More in common than you might think. Interesting how different things intersect in life.
I read an article recently that noted something like 90,000 fast food jobs go unfilled daily. I can believe it – every such place I pass has signs out advertising jobs. Many proclaim free meals, signing bonuses, and other enticements. The industry is in a hurt for hires everywhere it seems.
Automation and Fast Food. What Could Possibly Go Wrong?
I stopped off at a McDonalds to get a snack recently while on a trip and I saw one potential solution. There I found a large automated kiosk at which one could place an order. You could still do so with a person at the register, but this was in fact much faster. I accidently ordered twice the food I intended. This illustrates that the customer needs to pay attention with automation. But in general, it works and decreases the demand for labor.
But this is only the beginning. I expect that soon such dining establishments will be the first of many places in which we will be talking to a robot. It might look like a robot. It may be an animatronic humanoid. This might look lifelike enough to be both reassuring and creepy. This is coming faster than anyone thinks. Get used to the idea.
What is interesting to contemplate is where else might such automation show up, soon. It is not hard to imagine this happening where there are chronic labor shortages. It will also come where labor is the dominant cost factor. Truck drivers and taxi drivers come to mind immediately.

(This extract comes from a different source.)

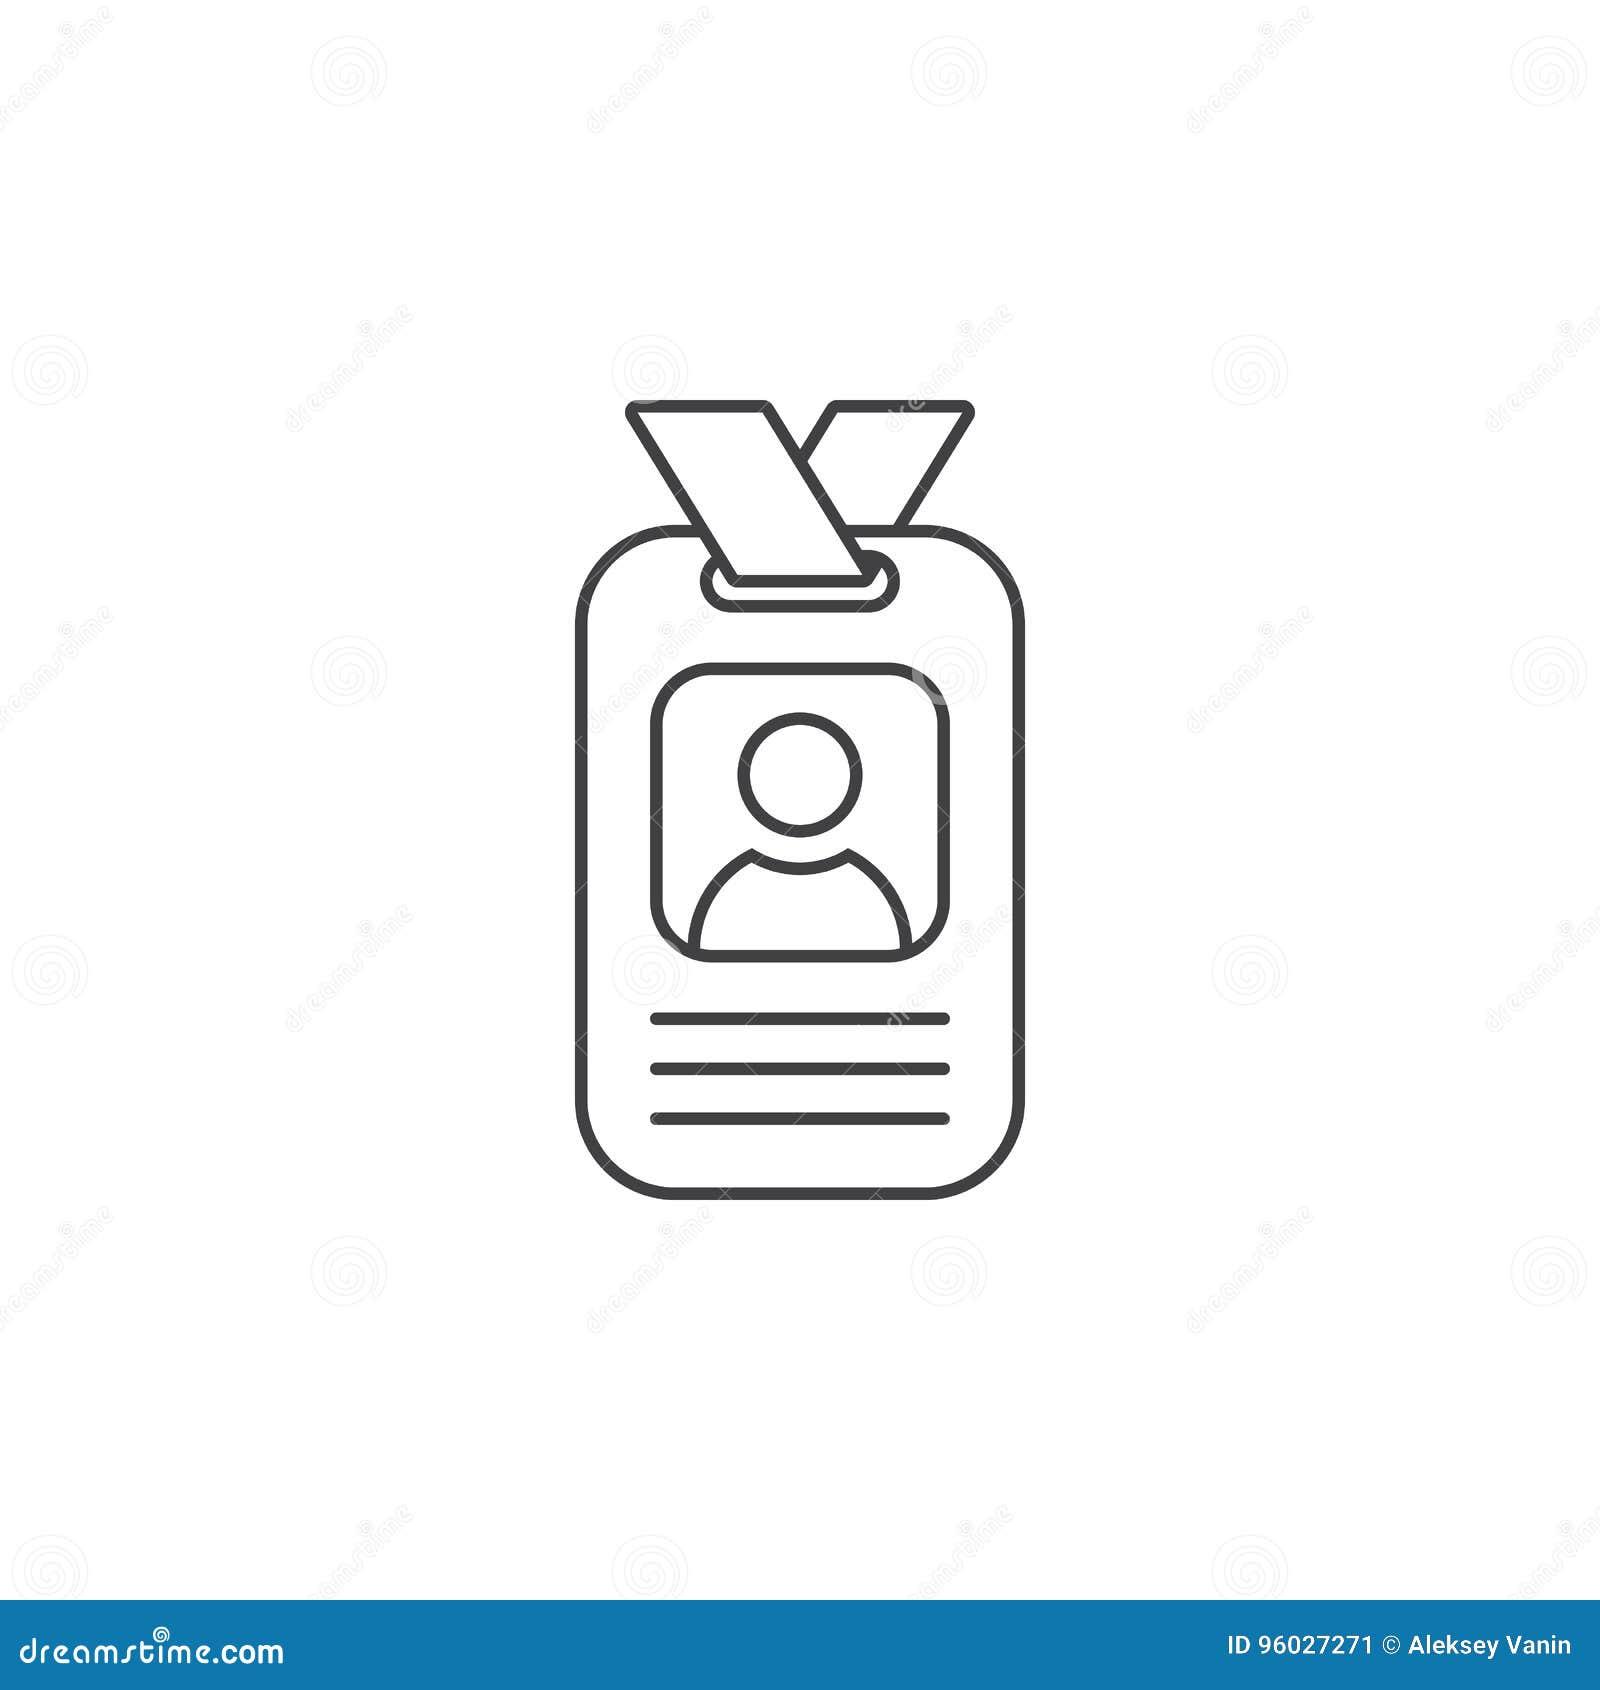 Odznaki cienka kreskowa ikona, karta identyfikacyjna konturu wektorowy logo il

How about movie ticket or concession positions? Some level of medical care (taking statistical data, weighing and measuring the patient, etc.). Eventually, your waiter in an upscale restaurant may be a robot. And on it goes. The list could become almost endless.
Who Pays Who for What?
On an unrelated note (but we will relate them shortly), there is a lot of talk about the idea of a guaranteed income. One of the more obscure presidential candidates (Andrew Yang) is talking this up. It has been tried in various places, with generally mixed but good results.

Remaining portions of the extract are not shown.